Он вежливо извинился за опоздание. Его задержало, объяснил он, совещание с дирекцией кургауза касательно субботнего бала.

 —  Дуэлянты на месте?  — тут же спросил он бодрым тоном.  — Тогда можно начинать.

Опершись на палку и скрестив ноги, он стоял вовне нашего круга, ухватив свои мягкие каштановые усы нижней губой и глядя на все с мрачным видом знатока.

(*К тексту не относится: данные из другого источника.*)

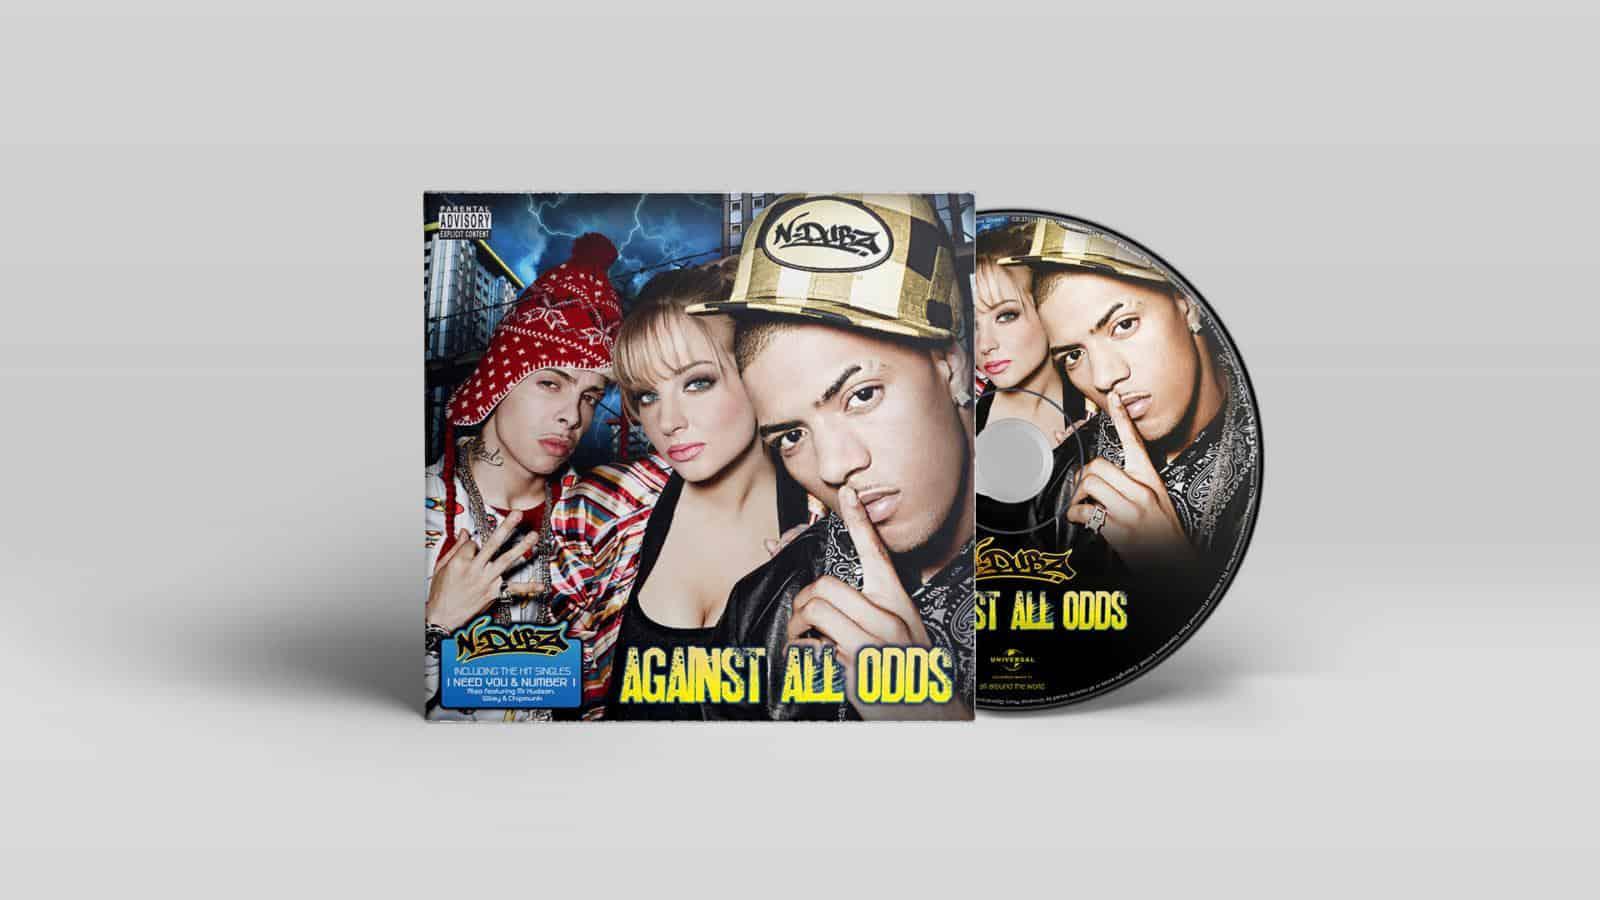 N-Dubz album cover

Яппе и До Эскобар поднялись, отшвырнули сигареты и стали готовиться к поединку. До Эскобар проделал это вмиг, с впечатляющей быстротой. Он швырнул шляпу, пиджак и жилет на землю, снял и галстук, воротничок и подтяжки и все бросил к остальным вещам. Затем он даже вытащил из брюк розовую рубашку, проворно выскользнул из рукавов и стоял теперь в нижней бело-красной полосатой трикотажной сорочке, которая почти полностью обнажала его руки, желтоватые и уже поросшие волосами.

 —  Покорно прошу, сударь,  — сказал он, раскатывая «р», и тотчас быстро вышел на середину площадки, выпятив грудь и расправляя плечи.

Серебряного браслета он не снял.

Яппе, который еще не был готов, повернул к нему голову, вскинул брови и на одно мгновение сквозь опущенные веки взглянул ему под ноги, словно желая сказать: «Потерпи малость, нечего тут балагурить». Когда он встал насупротив До Эскобара, то оказалось, что он отнюдь не похож на атлета и бойца, хотя и был шире него в плечах. Ноги его, обтянутые брюками со штрипками, были слегка вывернуты вовнутрь, а его ненакрахмаленная, уже чуть пожелтевшая рубашка с широкими рукавами, застегнутыми у кисти на пуговицы, и серые резиновые подтяжки выглядели неважно, в то время как полосатая трикотажная сорочка До Эскобара, а особенно же черная растительность на его руках, производили впечатление воинственное и даже устрашающее. Оба были бледны, но у Яппе бледнота выступала отчетливее, так как в обычное время у него всегда играл румянец во всю щеку. У него было живое лицо несколько брутального блондина, со вздернутым носом, усыпанным на переносице веснушками. Нос До Эскобара был, наоборот, короткий, прямой и ниспадающий, а над его капризными губами проглядывал черный пушок.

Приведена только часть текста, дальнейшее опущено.